■ Work order
When copying the listing below, skip every picture and keep each word as it stands.

Data section section start

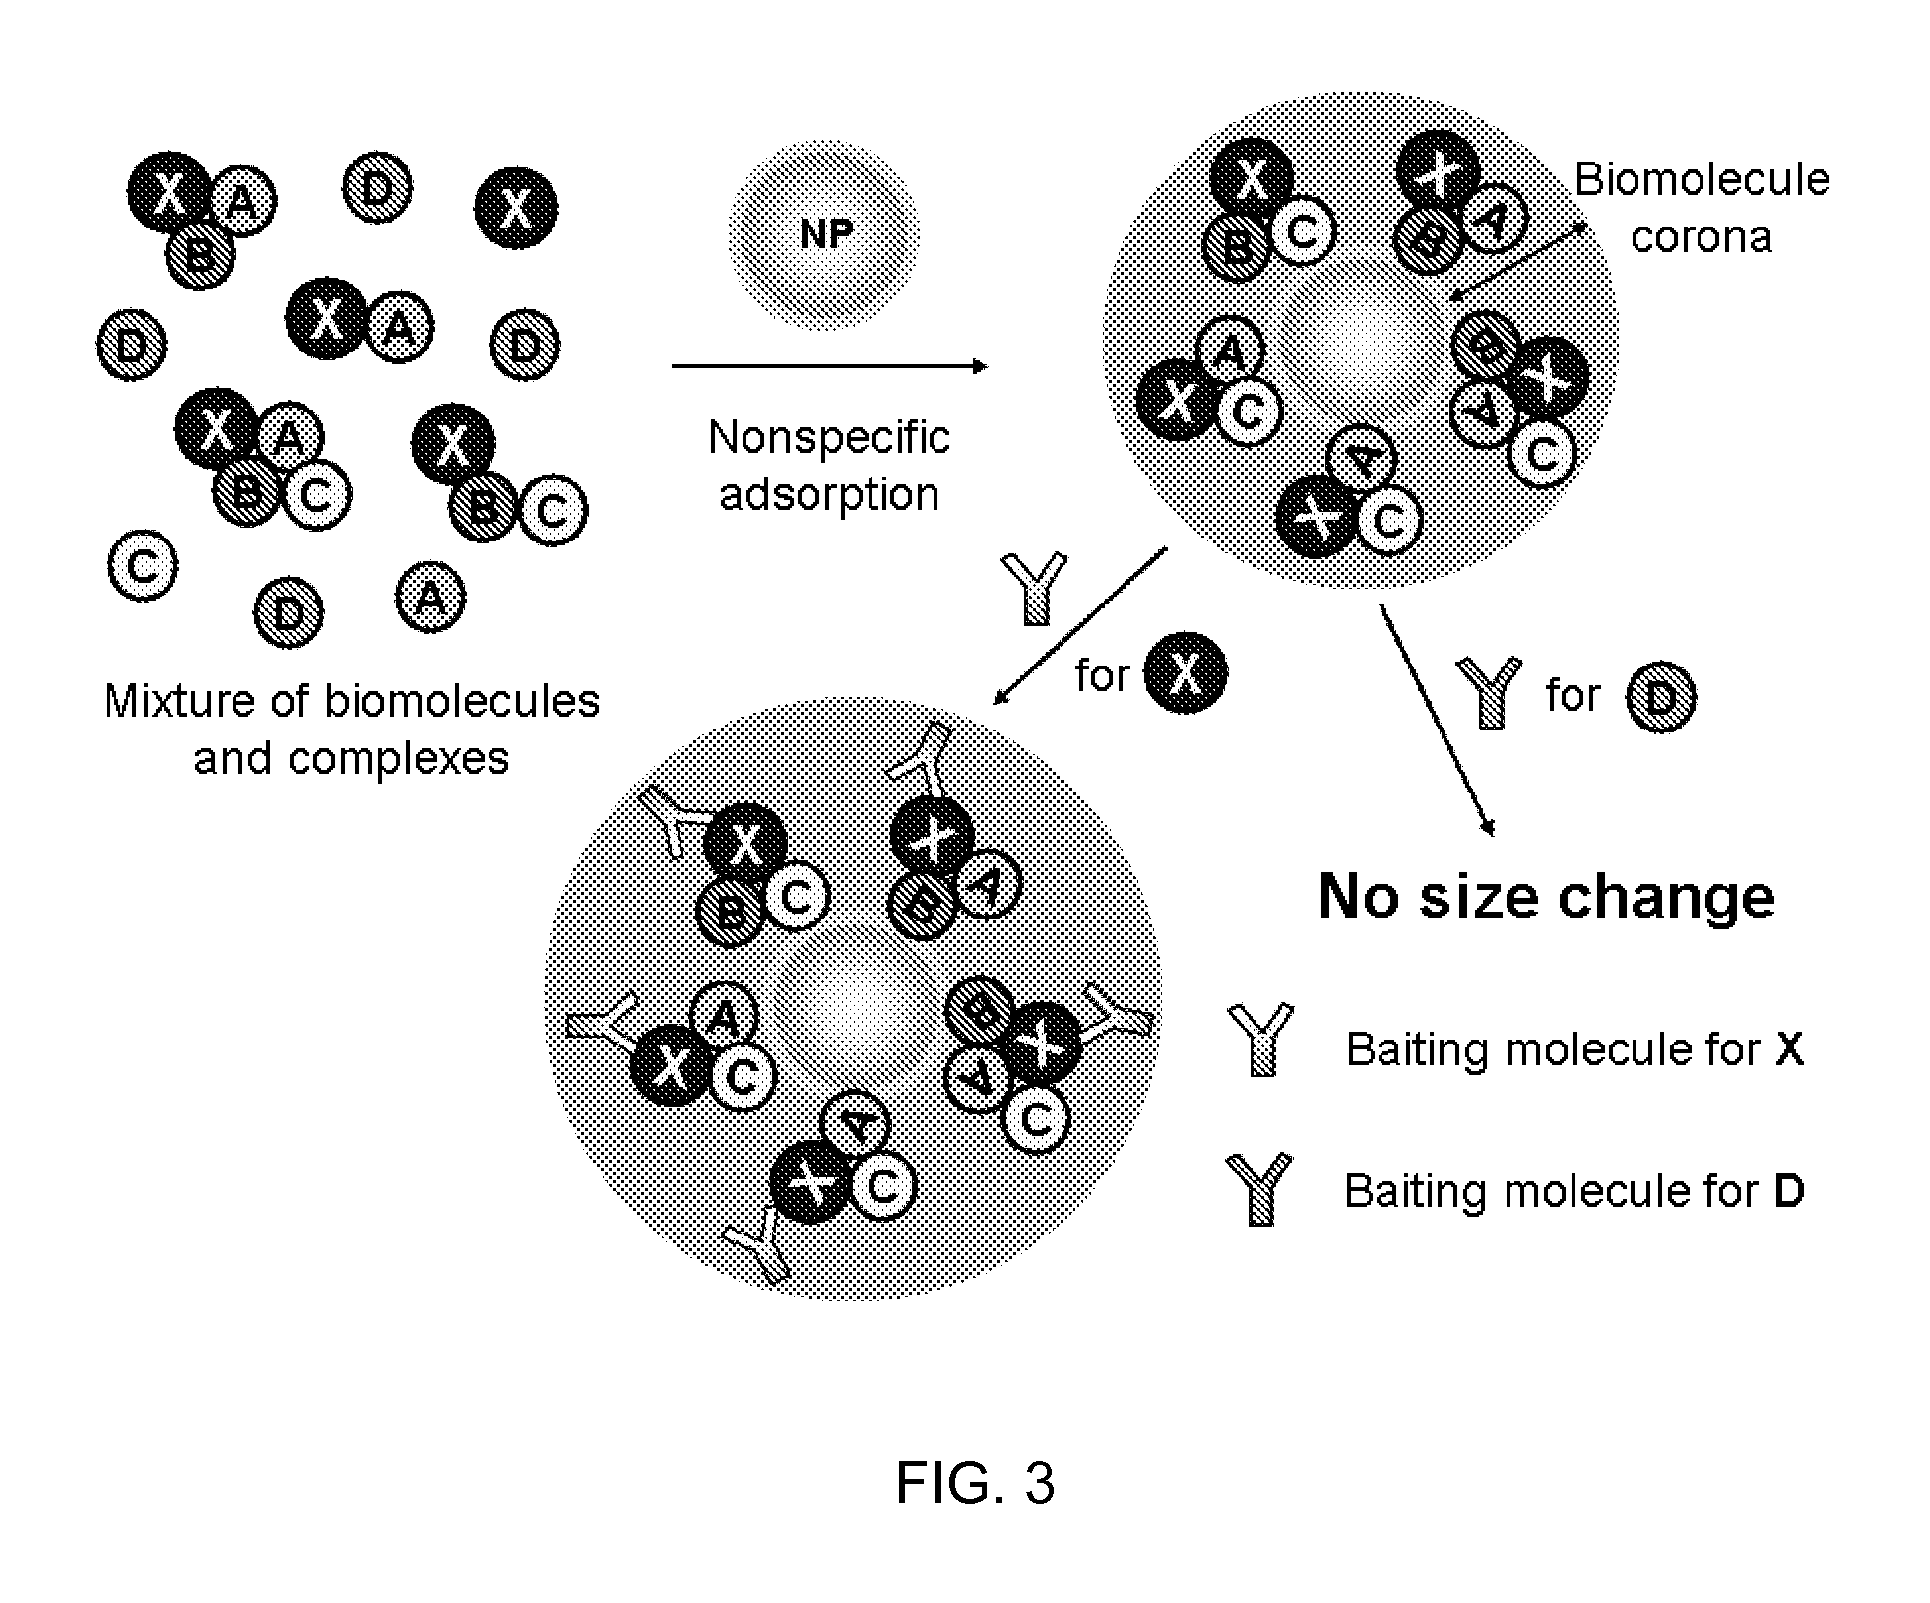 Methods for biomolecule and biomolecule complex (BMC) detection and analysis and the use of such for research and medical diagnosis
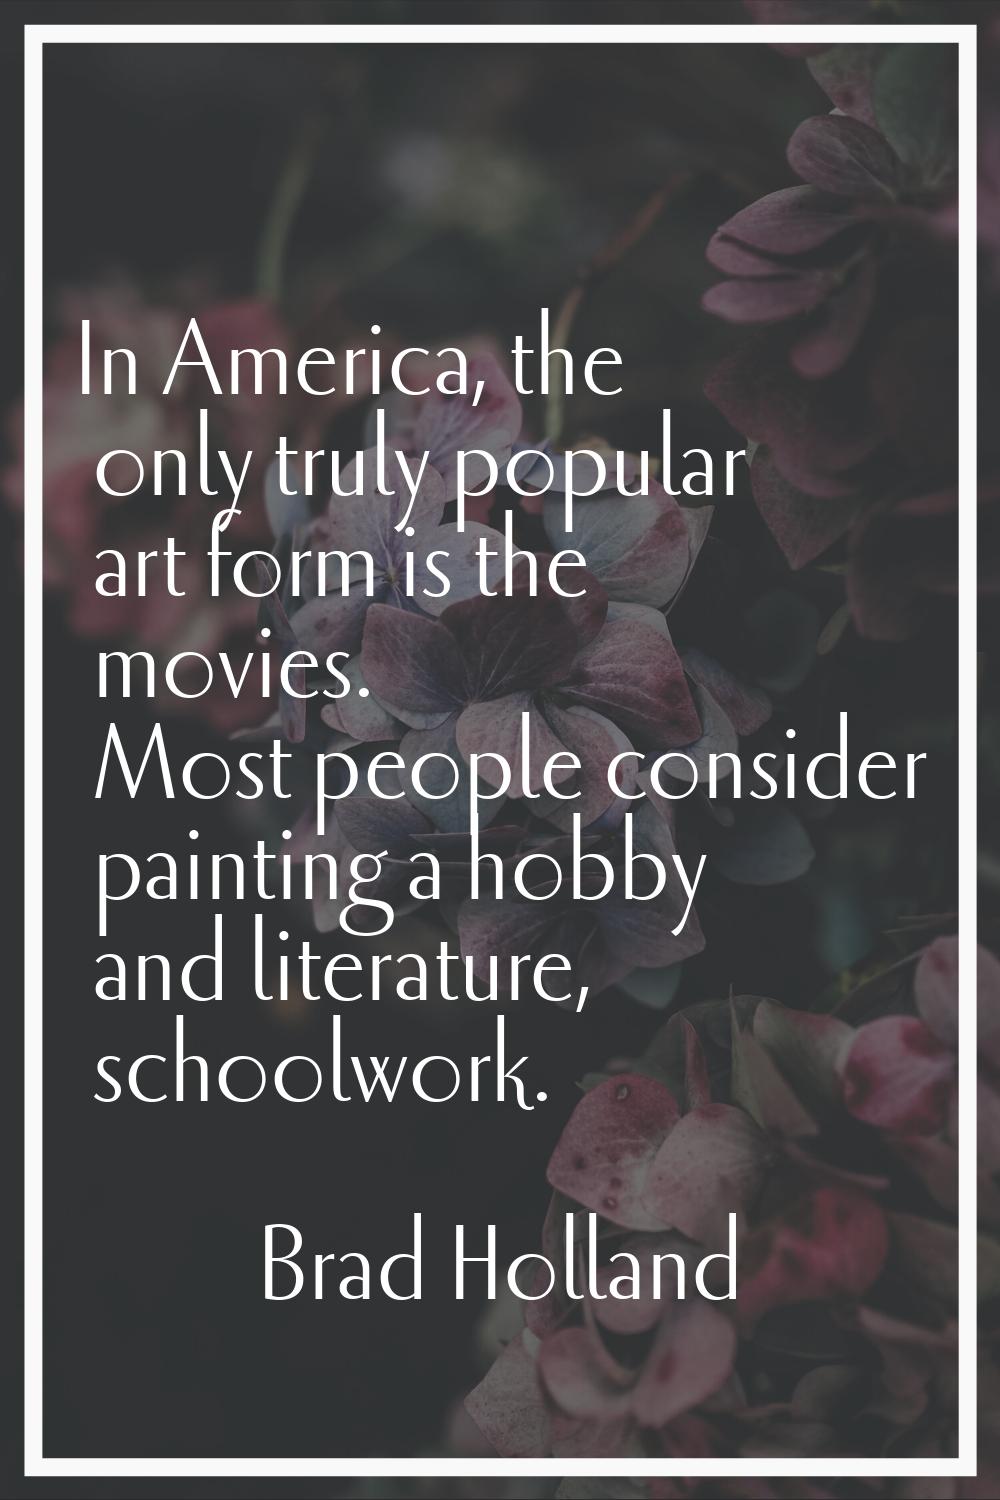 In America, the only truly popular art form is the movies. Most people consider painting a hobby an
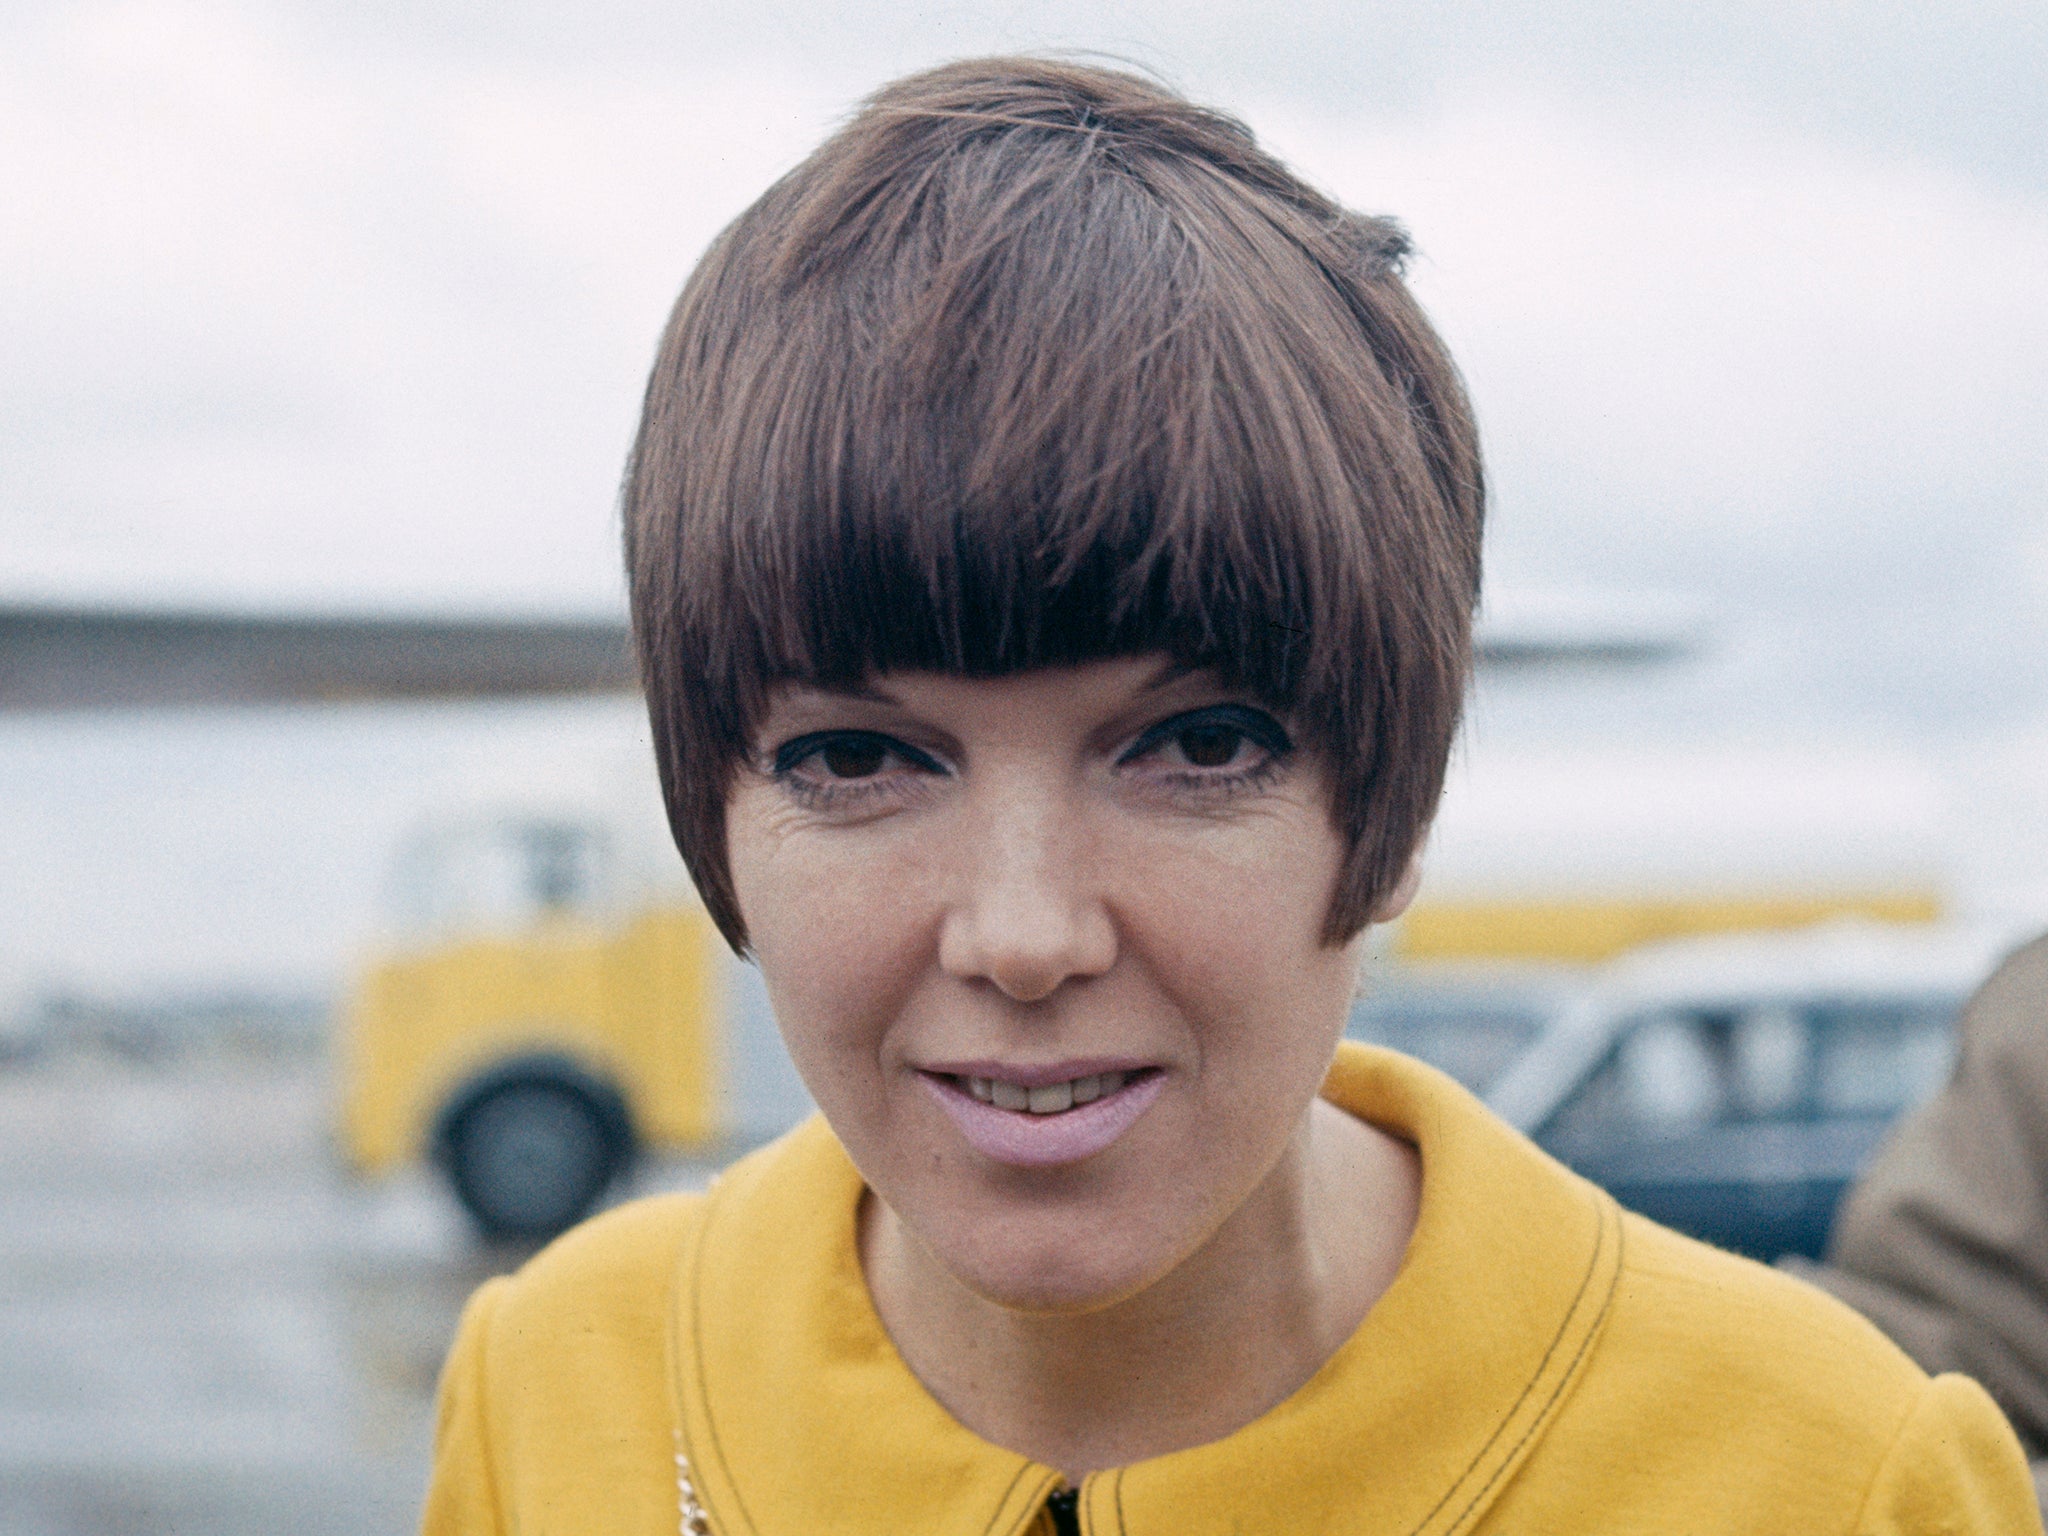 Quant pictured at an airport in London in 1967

Data section section end

■ Your solution
 Methods for biomolecule and biomolecule complex (BMC) detection and analysis and the use of such for research and medical diagnosis
 In America, the only truly popular art form is the movies. Most people consider painting a hobby an
 Quant pictured at an airport in London in 1967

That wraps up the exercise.